How Exchange Server 2007 Impacts
Backup, Recovery and DR Strategies
By Robert Quimbey
The introduction of Microsoft Exchange Server 2007 is raising a lot of questions in the minds of Tech OnTap readers. This was made clear in a recent TechTalk Exchange live chat session, where questions about 2007 were prominent. From a storage perspective, there are several new features in Exchange Server 2007 that will affect some storage environments. The most significant ones are:
- Local Continuous Replication (LCR)
- Cluster Continuous Replication (CCR)
- Changes in backend I/O traffic to storage
The introduction of these features raises a number of questions:
- How will Exchange Server 2007 affect my backup strategy?

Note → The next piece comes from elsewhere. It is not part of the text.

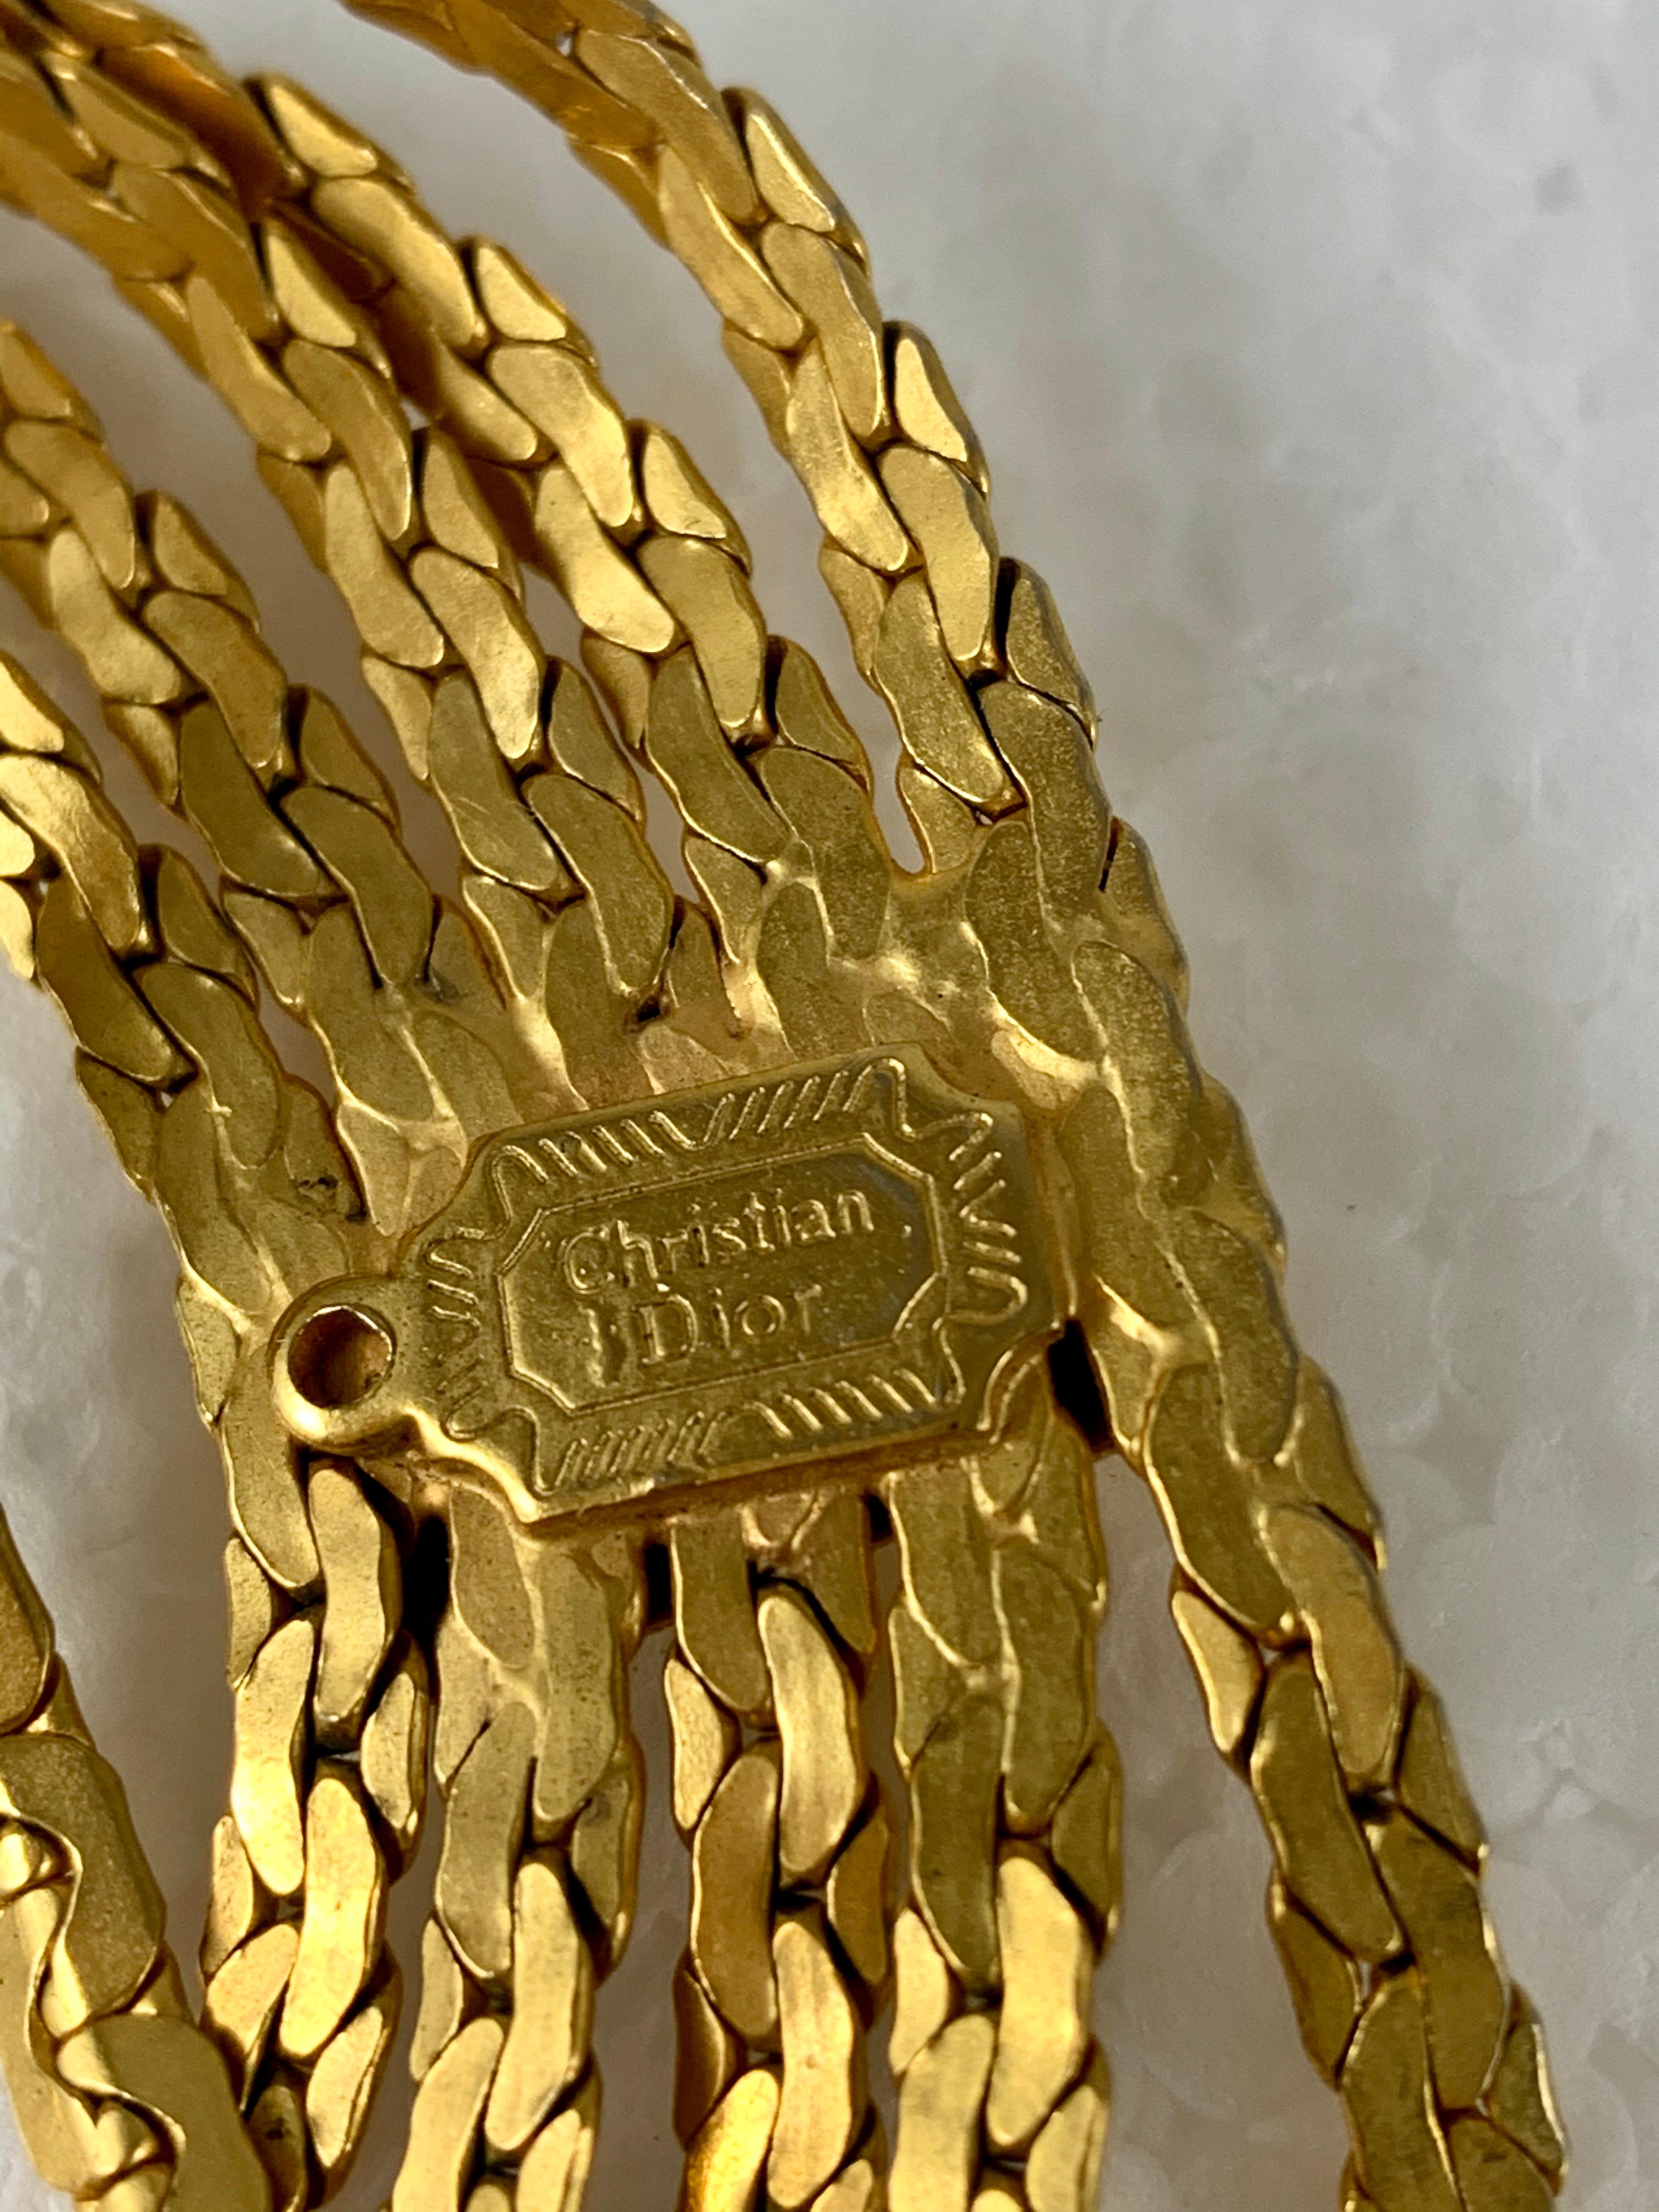 From Christian Dior, France, a 1960s Era belt made of five gold-tone snake chains bound at three intervals with soldered rectangular stations. The chains hang in a graceful swag. The Christian Dior stamped logo is applied to the verso of one

- How will Exchange Server 2007 affect my disaster recovery (DR) strategy?
- Which storage networking protocol should I use? FCP or iSCSI?
This article answers the questions listed above. To learn more about the other new features of Exchange Server 2007, check out the Microsoft Exchange Server 2007 Web site.
Question #1: Does LCR Replace Backup?
Answer: Definitely Not!
Local Continuous Replication replicates Exchange databases to another set of disks on the same physical server. The question that this immediately raises is, "Does that mean I don´t need to do backups any more?" The resounding answer to that question is "No!" Regular backups must still be performed.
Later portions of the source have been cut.